ここで、高齢者である原告の判断能力がどうだったのか問題になります。
平成28年9月15日に実施された原告の改訂長谷川式簡易知能評価スケール(HDS-R)は14点、Mim-MentalStateExamination (MMSE)は14点。
HDS-Rは、時間・場所の見当識、即時・遅延記憶、視覚性記憶、注意(計算、逆唱)、語の流暢性に関する設問を通して、主に言語性を中心に認知症の罹患を検査する手法。一般にHDS-Rの点数が20点以下であれば、認知症の疑いがあるものとされ、HDS-Rの14点は、中等度の認知機能の低下を示すとされます。
MMSEは、時間・場所の見当識、即時・遅延記憶、注意(計算)、物品呼称、復唱、口頭命令指示、読字、書字、図式模写の設問に答えさせ、認知症の構成要件である記憶、失行、失認、視覚認知などを多角的に評価する手法。
認知機能障害のスクリーニングとして、最も推奨され、国際的に広く用いられているとされます。一般に23点以下が認知症の疑いがあるものとされ、MMSEの14点は、中等度又はやや高度の認知機能の低下を示すとされます。
また、アルツハイマー型認知症については、その経過として、MMSEが、1年間当たり3.3点ないし3.4点ずつ減少するとされます。
平成28年12月24日までに実施された原告のMRIによると、VSRADのZスコアが2.01。

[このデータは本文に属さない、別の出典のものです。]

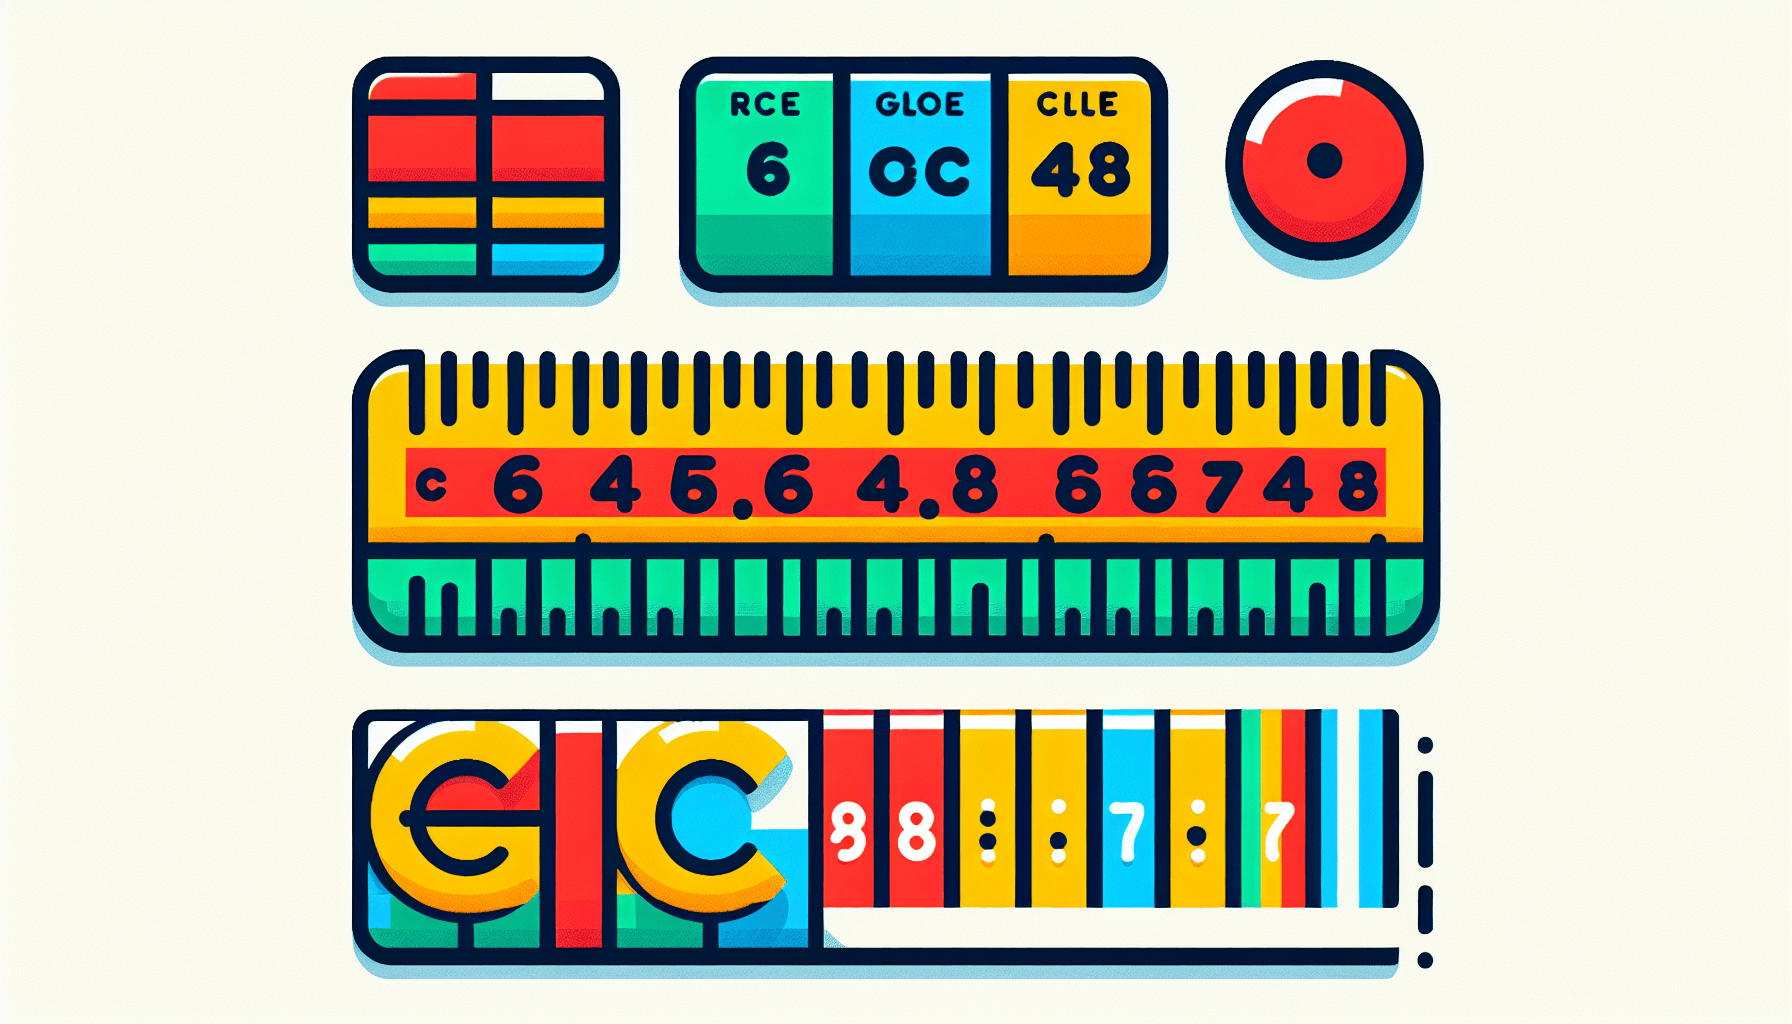 Ruler in flat illustration style and white background, red #f47574, green #88c7a8, yellow #fcc44b, and blue #645bc8 colors.
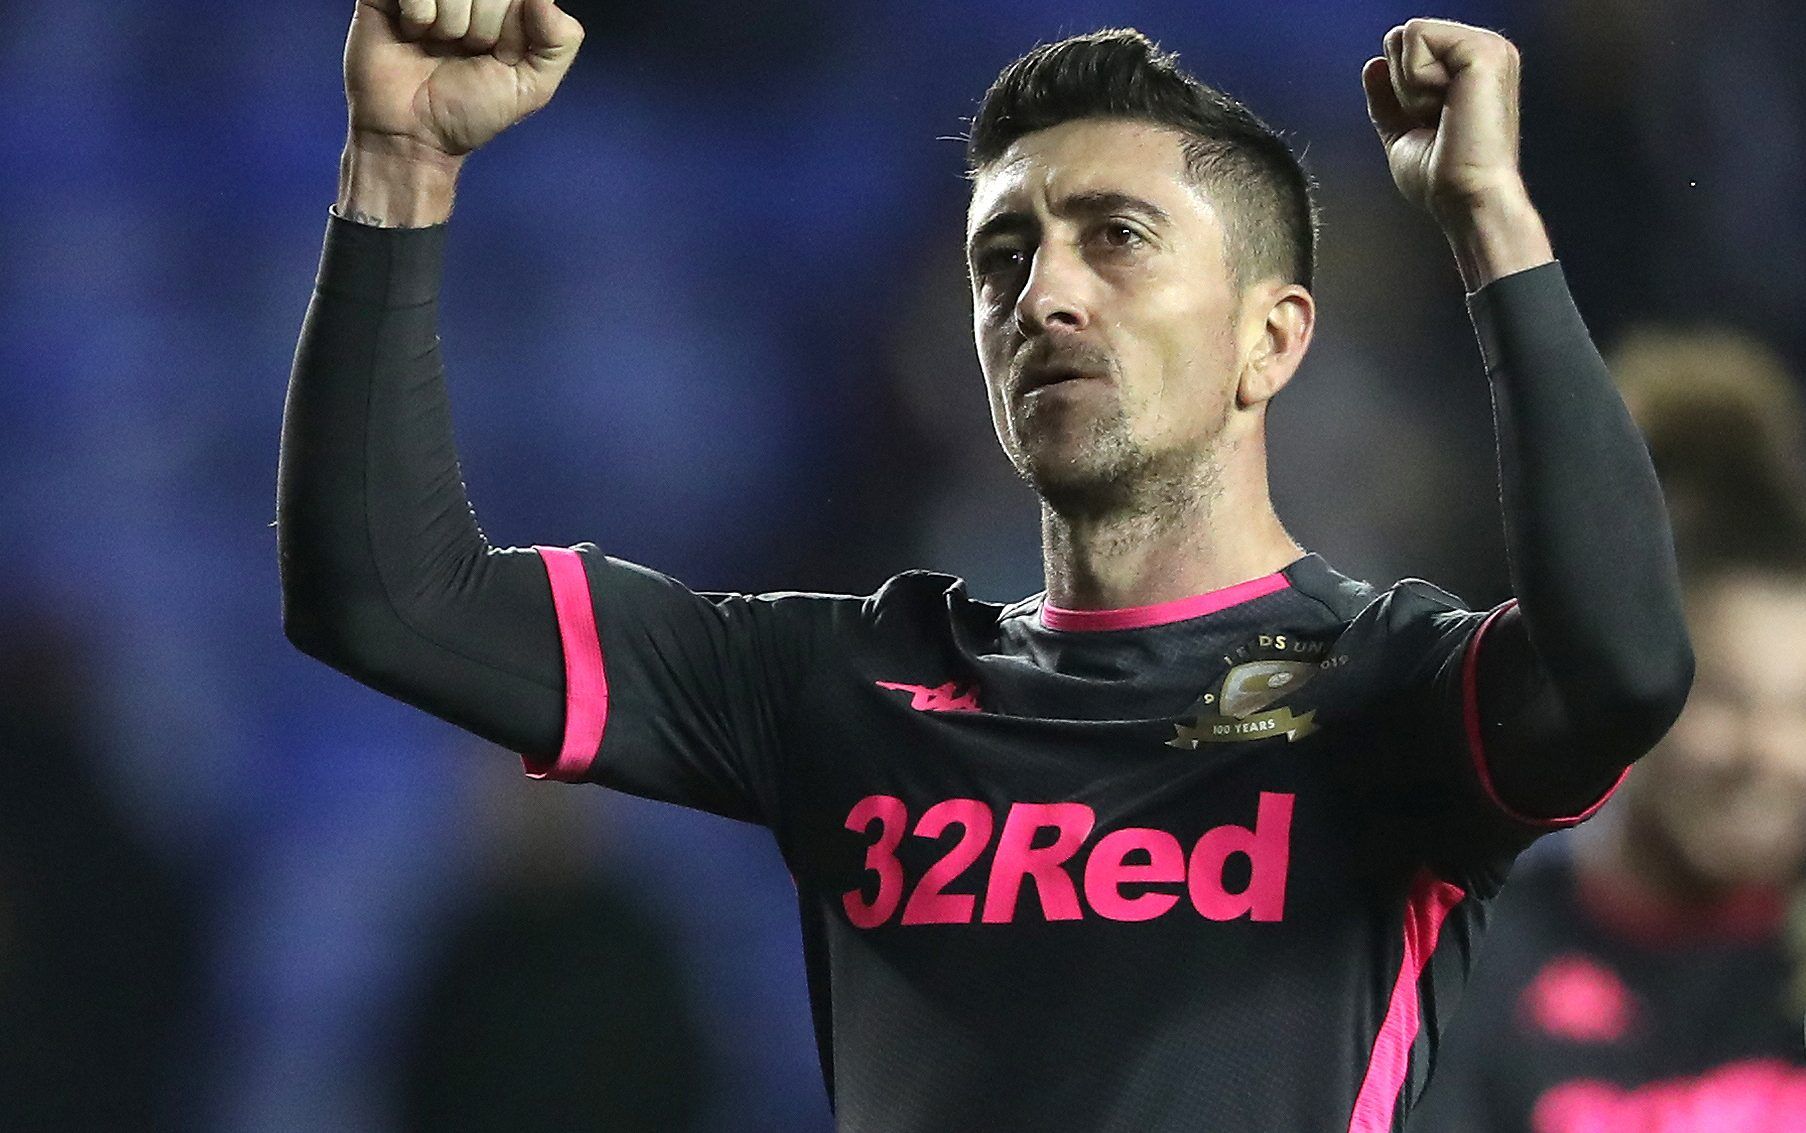 Soccer Football - Championship - Reading v Leeds United - Madejski Stadium, Reading, Britain - November 26, 2019   Leeds United's Pablo Hernandez celebrates after the match     Action Images/Molly Darlington    EDITORIAL USE ONLY. No use with unauthorized audio, video, data, fixture lists, club/league logos or

VSRADは、個々の患者の脳画像とあらかじめ搭載された脳画像データベースとを統計学的に比較することにより、個々の患者の局所脳体積(脳の萎縮)を評価するソフトウエアであり、指標として、Zスコアが0~1はほとんど脳の萎縮が見られない、1~2は萎縮がやや見られる、2~3は萎縮がかなり見られるとされています。
後見相当との診断
原告は、平成28年12月24日、医師により、アルツハイマー型認知症及び脳血管障害との診断を受けた上で、見当識障害が見られるときが多い、他人との意思疎通ができないときもある、社会的手続(銀行等との取引)はできないときが多い、記憶障害は問題があり程度は重い、脳の萎縮又は損傷が著しいなどとされ、上記のHDS-R、MMSE及びVSRADの検査結果を踏まえて、自己の財産を管理・処分することができない(後見相当)との診断を受けました。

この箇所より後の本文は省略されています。